No Peru, estima-se que, em 1532, quando chegaram os espanhóis, havia 16 milhões de habitantes. Em 1570, essa população já estava reduzida a 2 milhões, de acordo com Peter Klen, em “Nación y sociedad en la historia del Perú”, conforme divulgado pela indígena peruana Roxana Quispe Collantes em sua página no Facebook.

Esse caso demonstra o processo sanguinário que houve na América devido à expansão dos Estados-nação europeus durante a colonização. Esta, seja na América, África, Ásia, deu-se através do genocídio das populações originárias, em suas formas de vida e cultura.

Não precisamos voltar ao século XVI para dimensionar melhor a questão. Na recente histórica política brasileira, o extermínio das práticas culturais e da vida dos indígenas está mais do que nunca presente.

Regime militar e extermínio em prol do “desenvolvimento”

Durante o regime militar, que teve início com o golpe de 1964, os indígenas da região amazônica, sobretudo, foram explorados ou exterminados em prol do “desenvolvimento” da região. Um dos presos políticos que teve de ser exilado no Canadá foi o ex-funcionário da FUNAI Tiuré, de etnia potiguara, que foi perseguido pelos militares. Conforme já noticiado pelo GreenMe, o coronel Carlos Aloysio Weber, ex-comandante do 5° Batalhão de Engenharia e Construção, declarou que:

“Pode parecer irônico falar isso, mas a repressão, as torturas, as atrocidades cometidas no meio urbano parecem maior, parecem que doeram mais do que as que foram cometidas contra os índios. Hoje se fala em 400 desparecidos nas cidades, mas nós podemos falar em cinco mil desaparecidos indígenas, porque houve extermínio sistemático de aldeias. Era uma política de estado”.

Ainda contando como a ditadura militar lidou com a questão ambiental e indígena na Amazônia ele agrega:

“Como você pensa que nós fizemos 800 quilômetros de estrada? Pedindo licença, chê? Usamos a mesma tática dos portugueses, que não pediam licença aos espanhóis para cruzar a linha de Tordesilhas. Se tudo o que fizemos não tivesse dado certo, eu estaria na cadeia, velho”.

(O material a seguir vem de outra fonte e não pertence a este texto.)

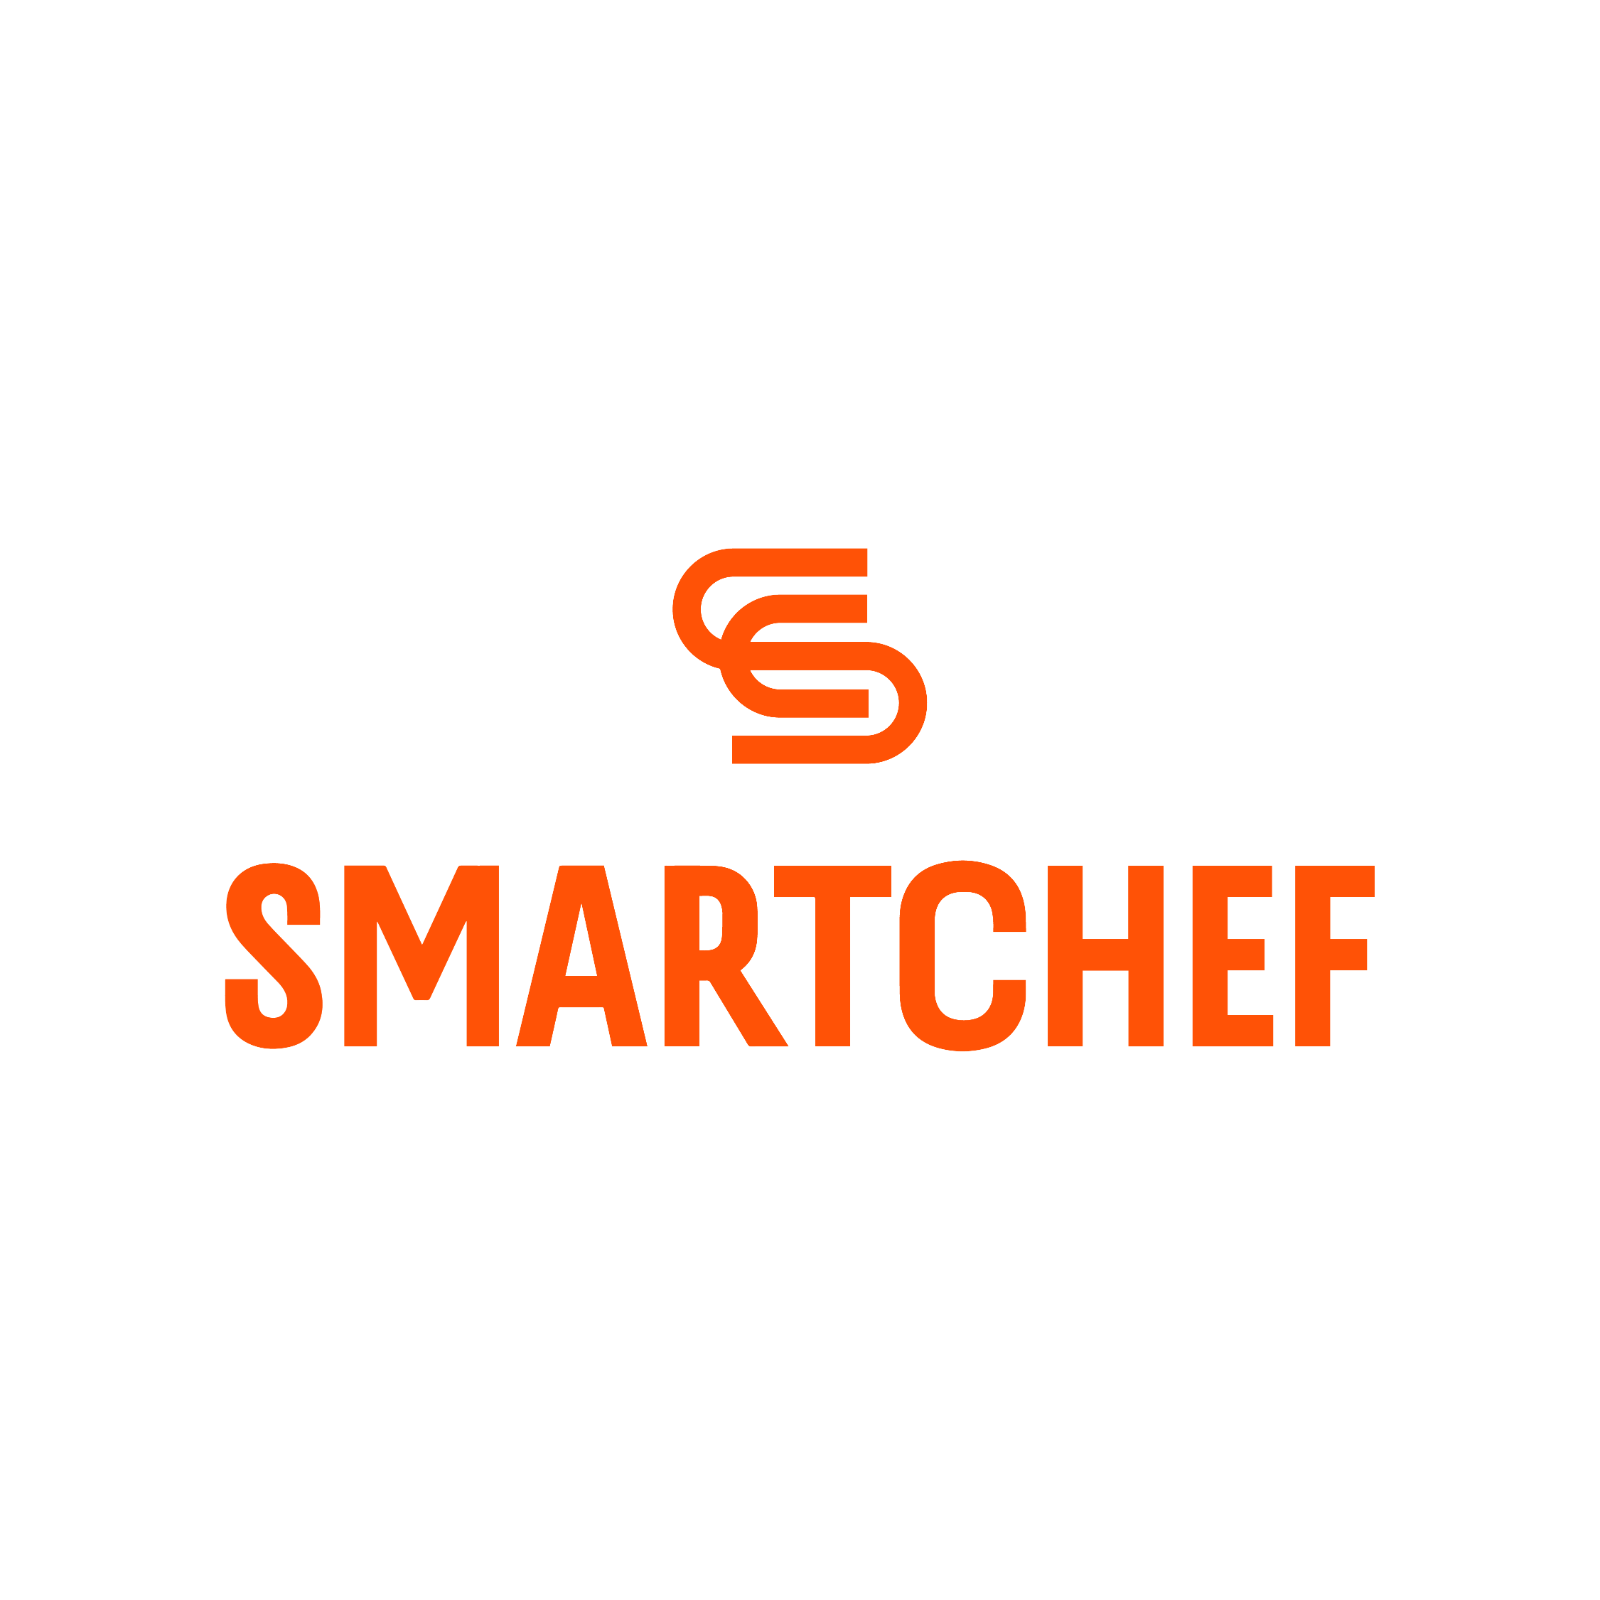 Smartchef logo 09

Este ano, com a política empreendida pelo governo de Jair Bolsonaro, que parece uma reatualização do “projeto desenvolvimentista” dos militares, as lideranças indígenas brasileiras têm percorrido o mundo para denunciar a violência que os seus povos estão sofrendo.

O “Nenhuma gota a mais”, que ecoou em uma manifestação, este ano, em Nova York, e nas marchas que houve aqui no Brasil, é um basta ao genocídio perpetrado aos povos indígenas e à sua cosmovisão, que, como tem sido analisada por muitos especialistas, é a mais capaz para lidar com os desafios contemporâneos relacionados à preservação do meio ambiente e das formas de vida do planeta.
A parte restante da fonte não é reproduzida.